[Opening Data shown section]

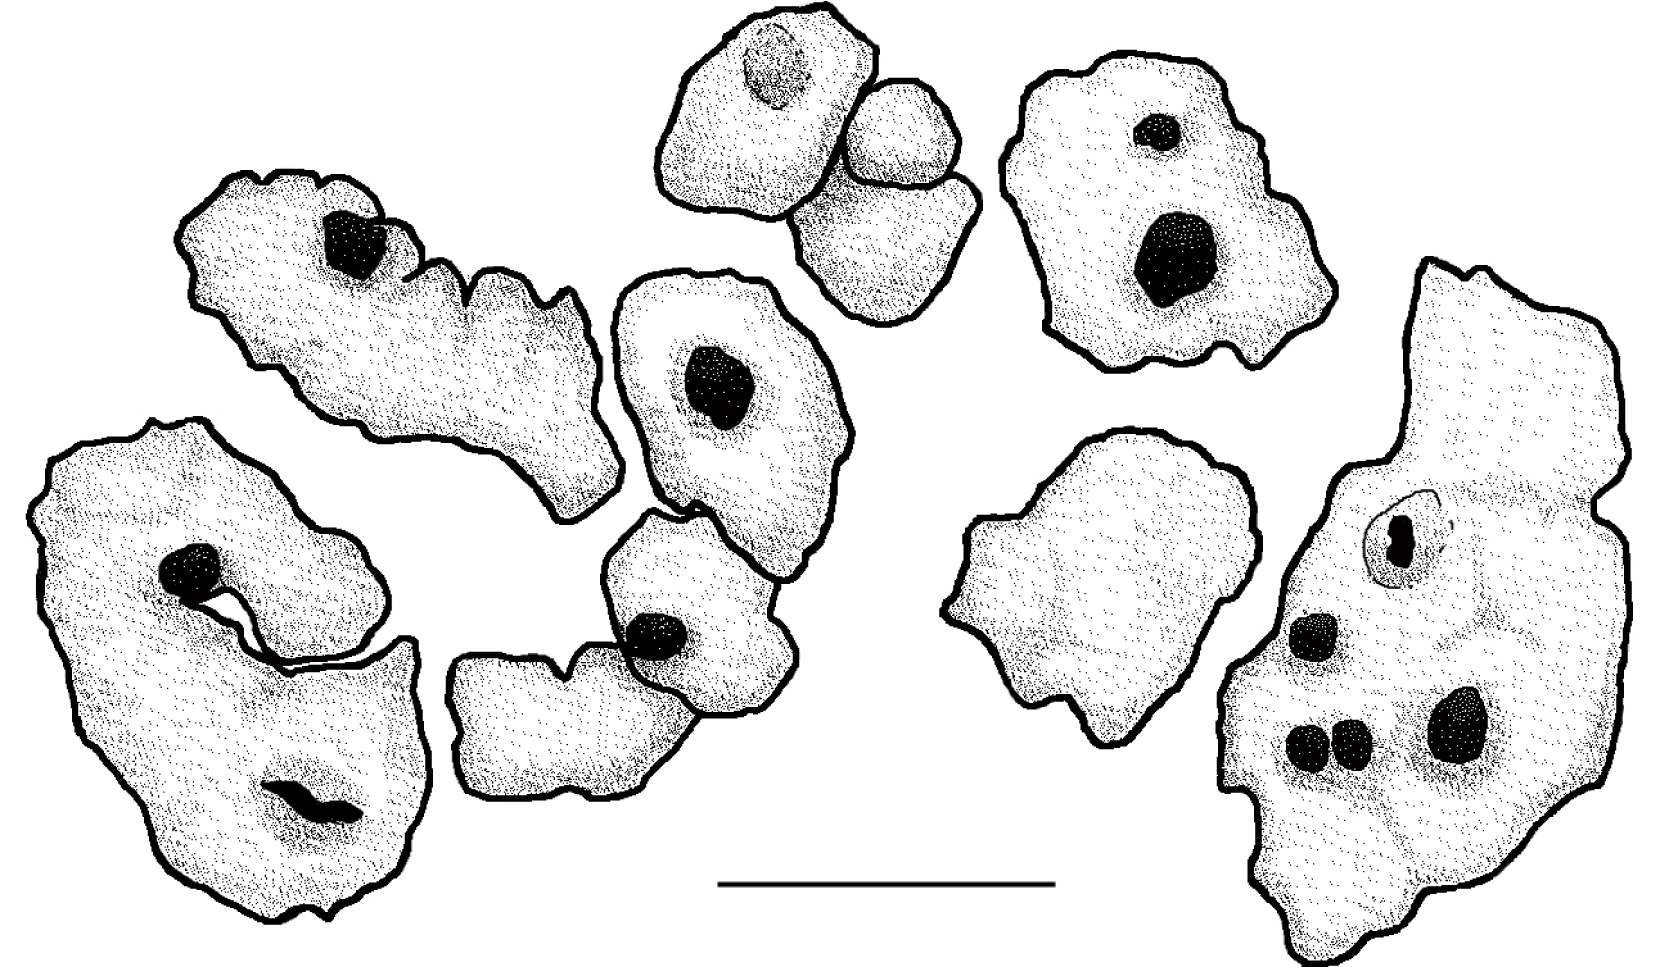 Fig. 1. Squamulose epilithic lichen infected by lichenicolous fungus Pyrenidium actinellum s.l. Bar – 400 µm.
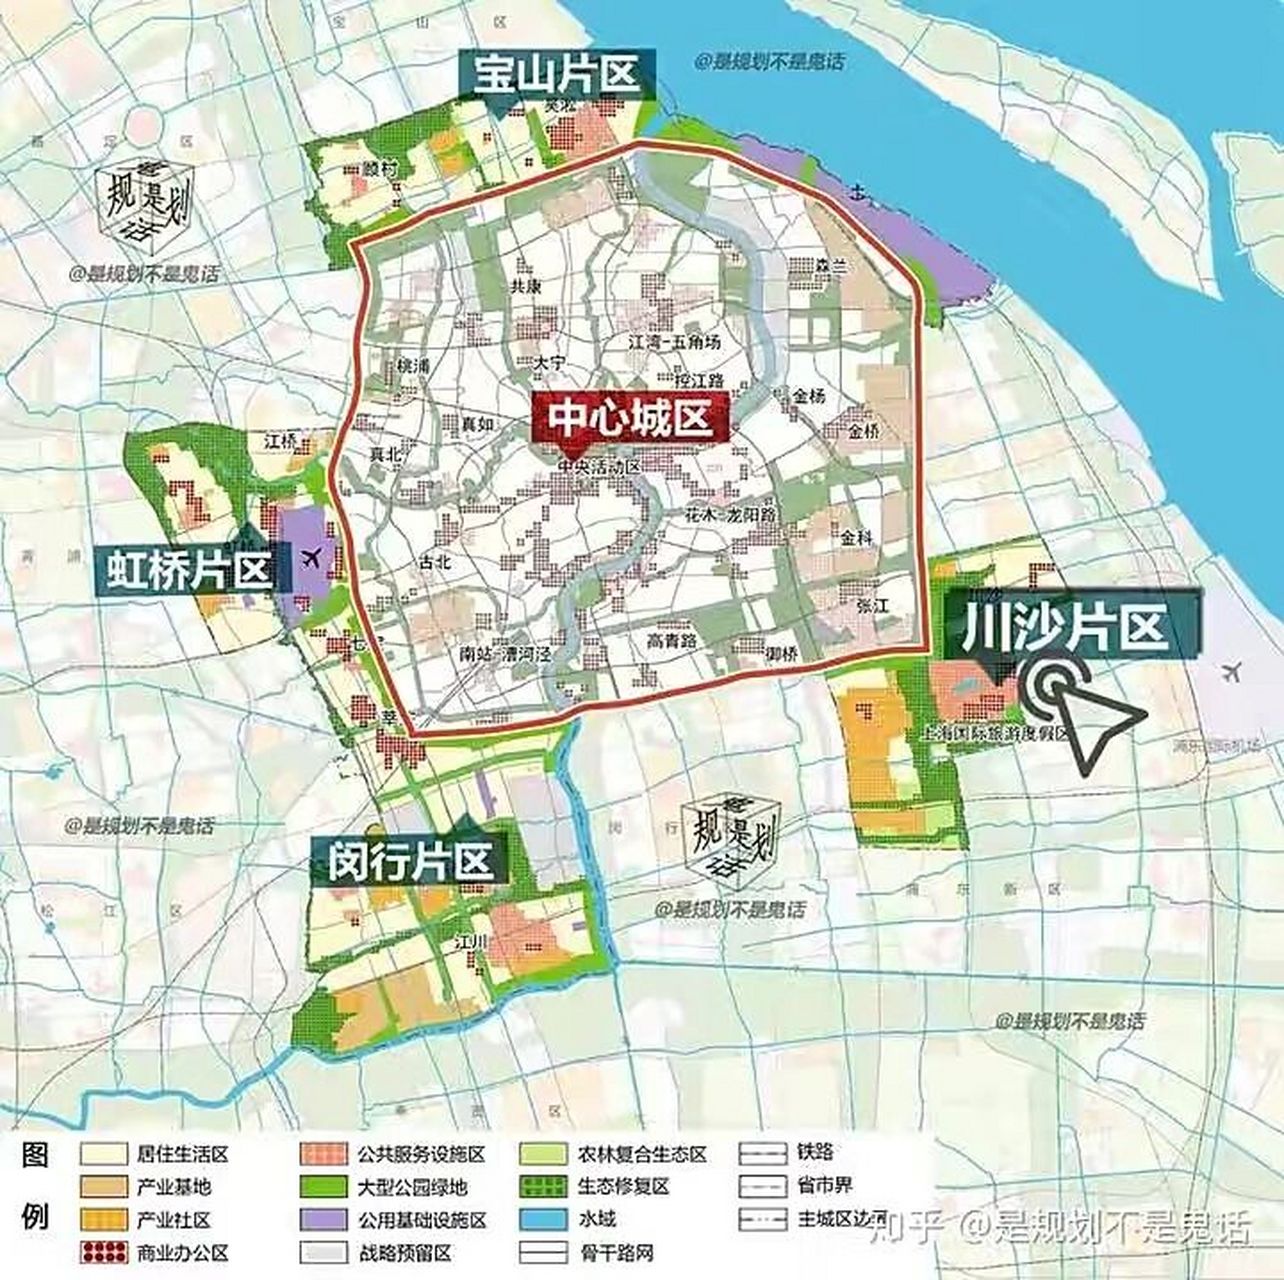 规划图 1,闵行区2035被纳入一城四片即与虹桥,宝山,川沙同为上海
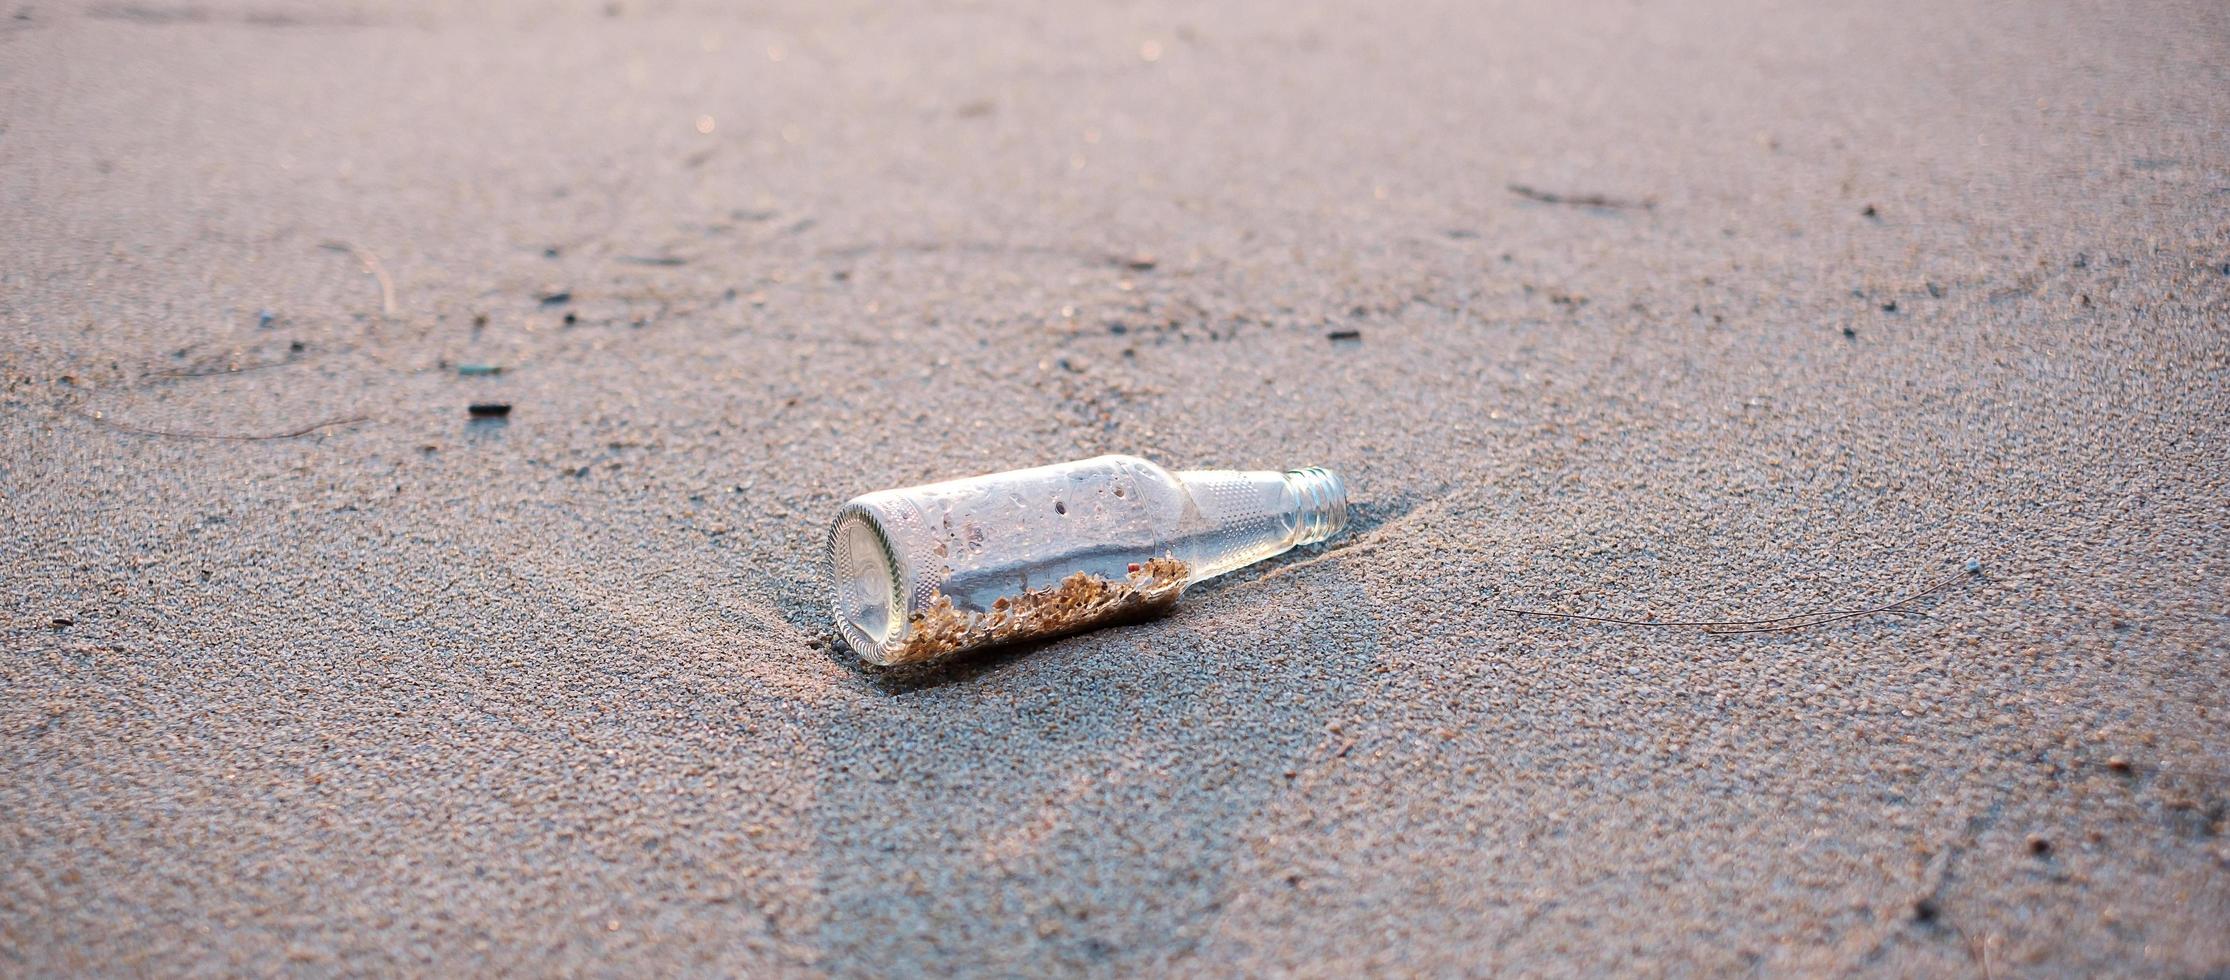 lixo de garrafa de vidro na praia. ecologia, meio ambiente, poluição e conceito de problema ecológico foto
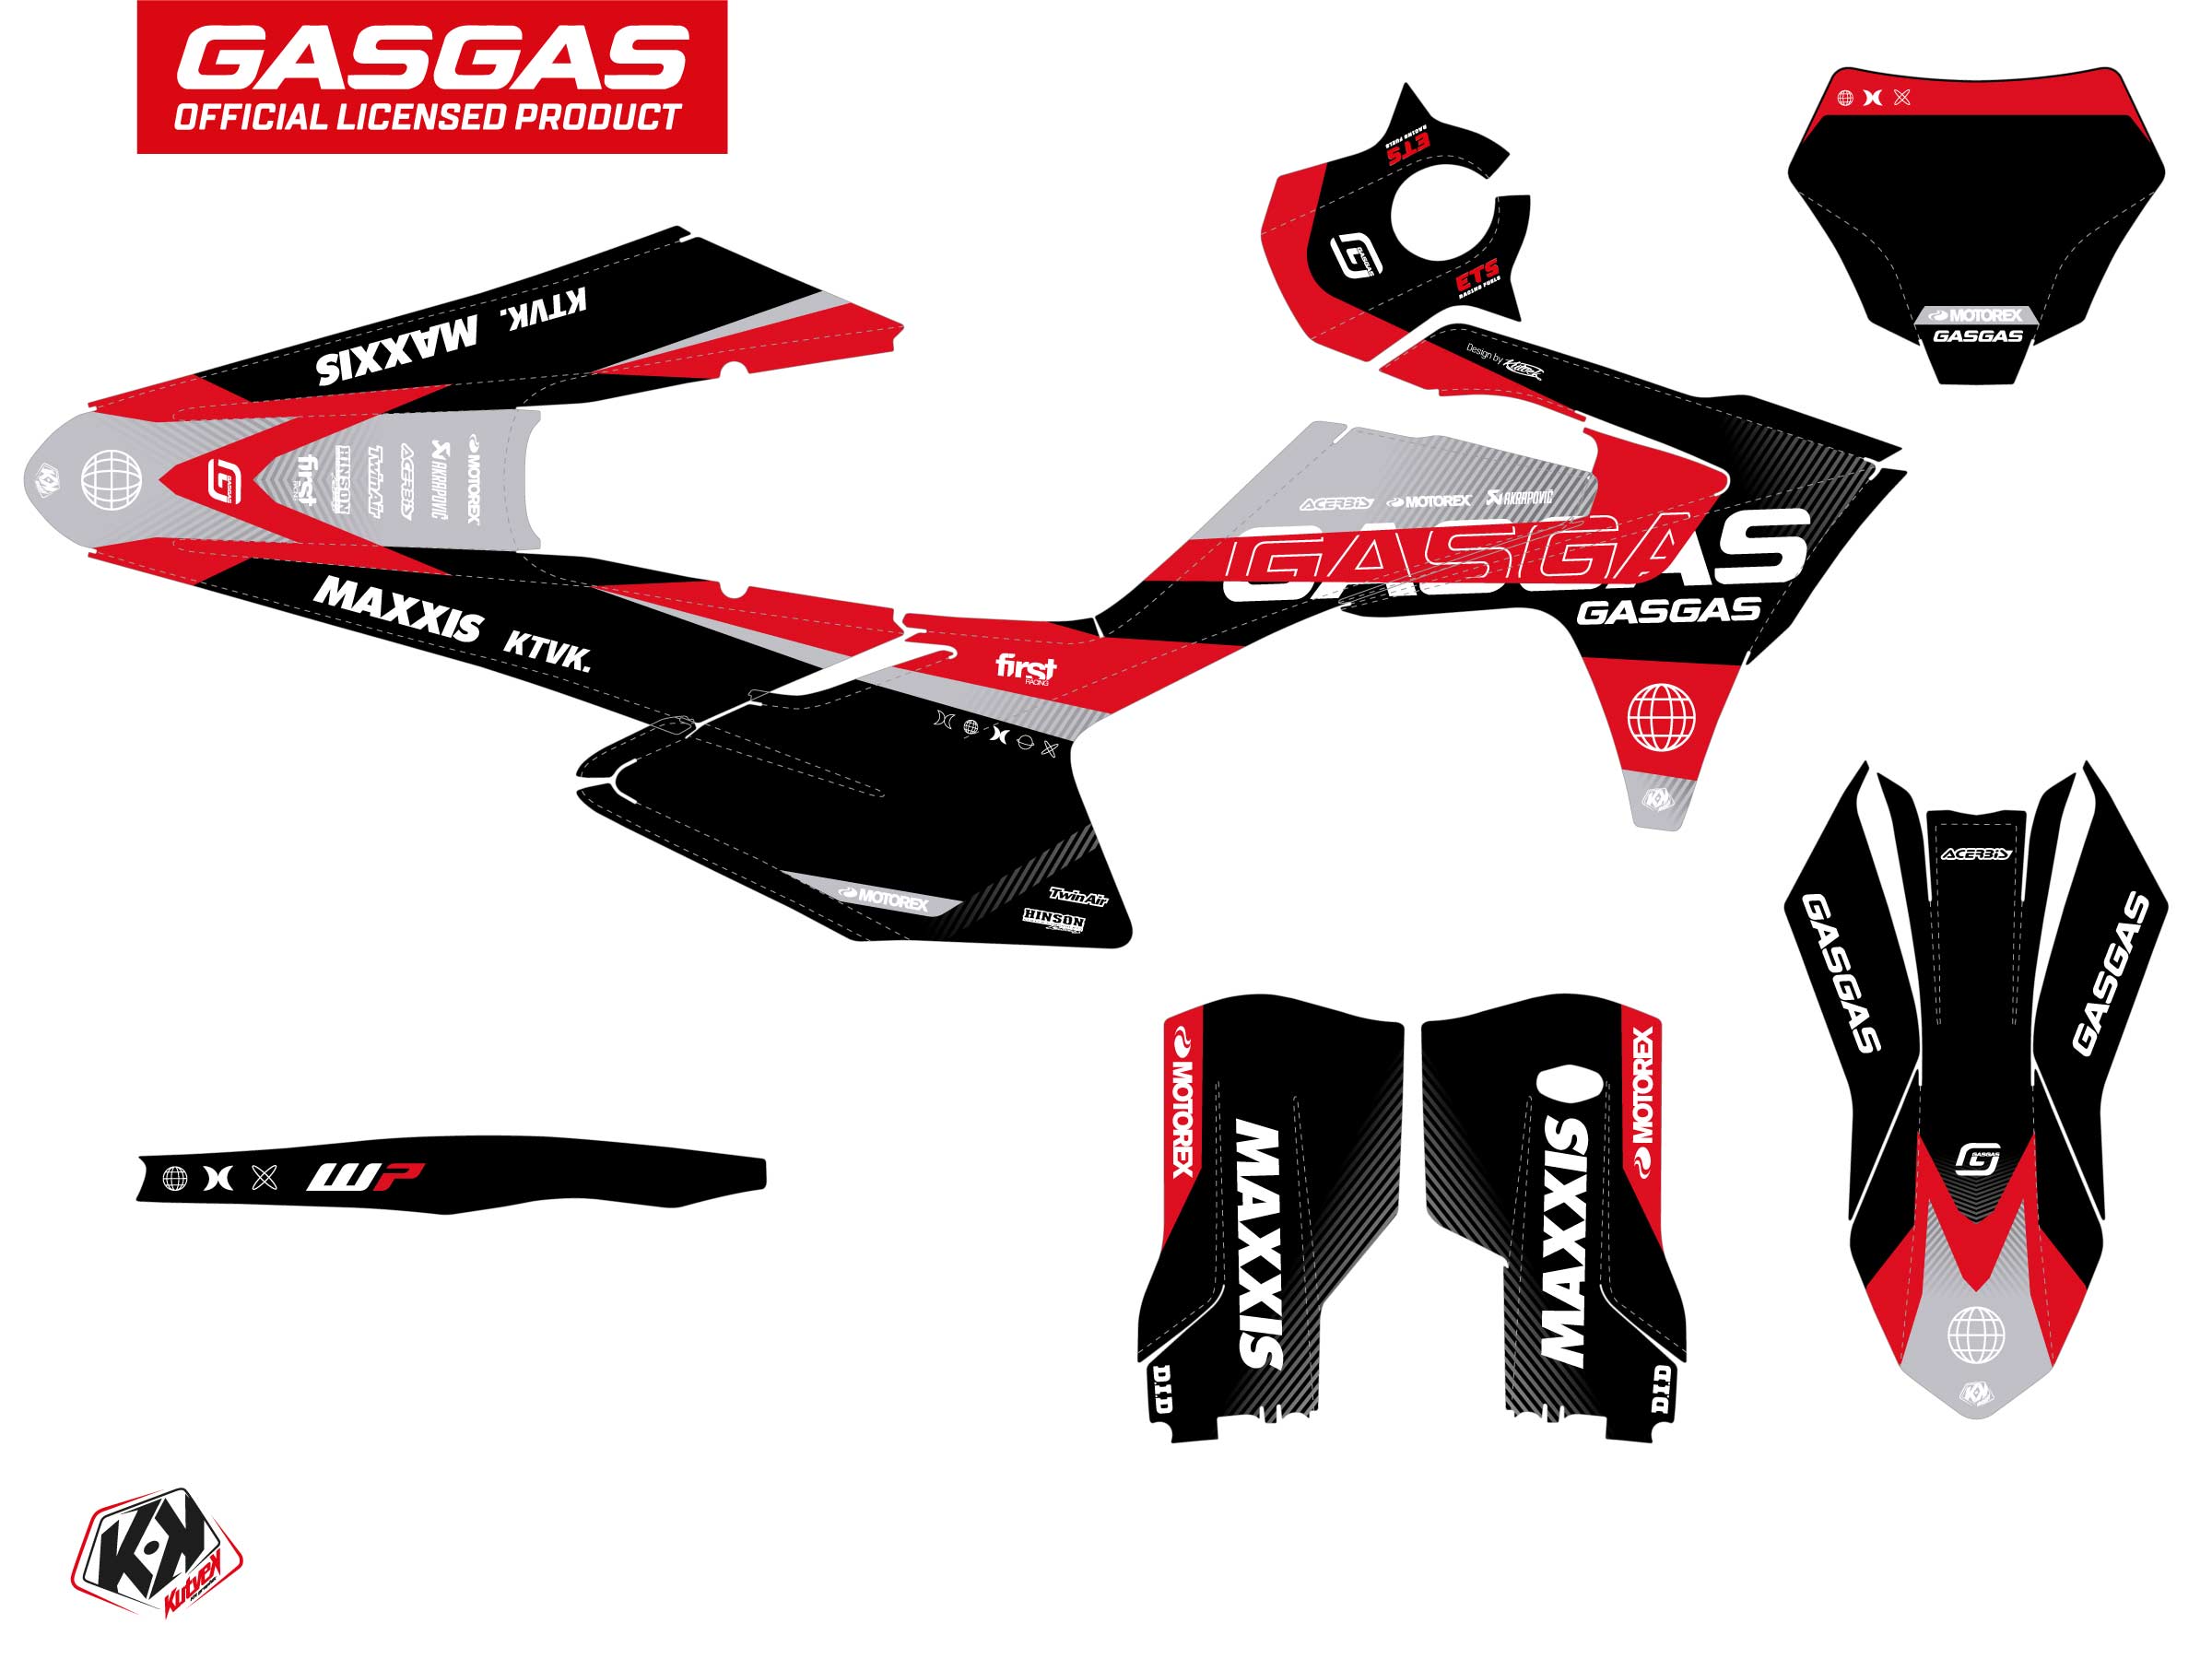 Gasgas Mc 250 F Dirt Bike Kanyon Graphic Kit Black

[Closing Data shown section]

◆ **Brief**
Return exactly the lines starting at the line with "规划图 1,闵行区2035被纳入一城四片即与虹桥,宝山,川沙同为上海" and ending at the last line of the listing, both ends included; pictures are to be left out.

◆ **Output**
 规划图 1,闵行区2035被纳入一城四片即与虹桥,宝山,川沙同为上海
 lixo de garrafa de vidro na praia. ecologia, meio ambiente, poluição e conceito de problema ecológico foto
 Gasgas Mc 250 F Dirt Bike Kanyon Graphic Kit Black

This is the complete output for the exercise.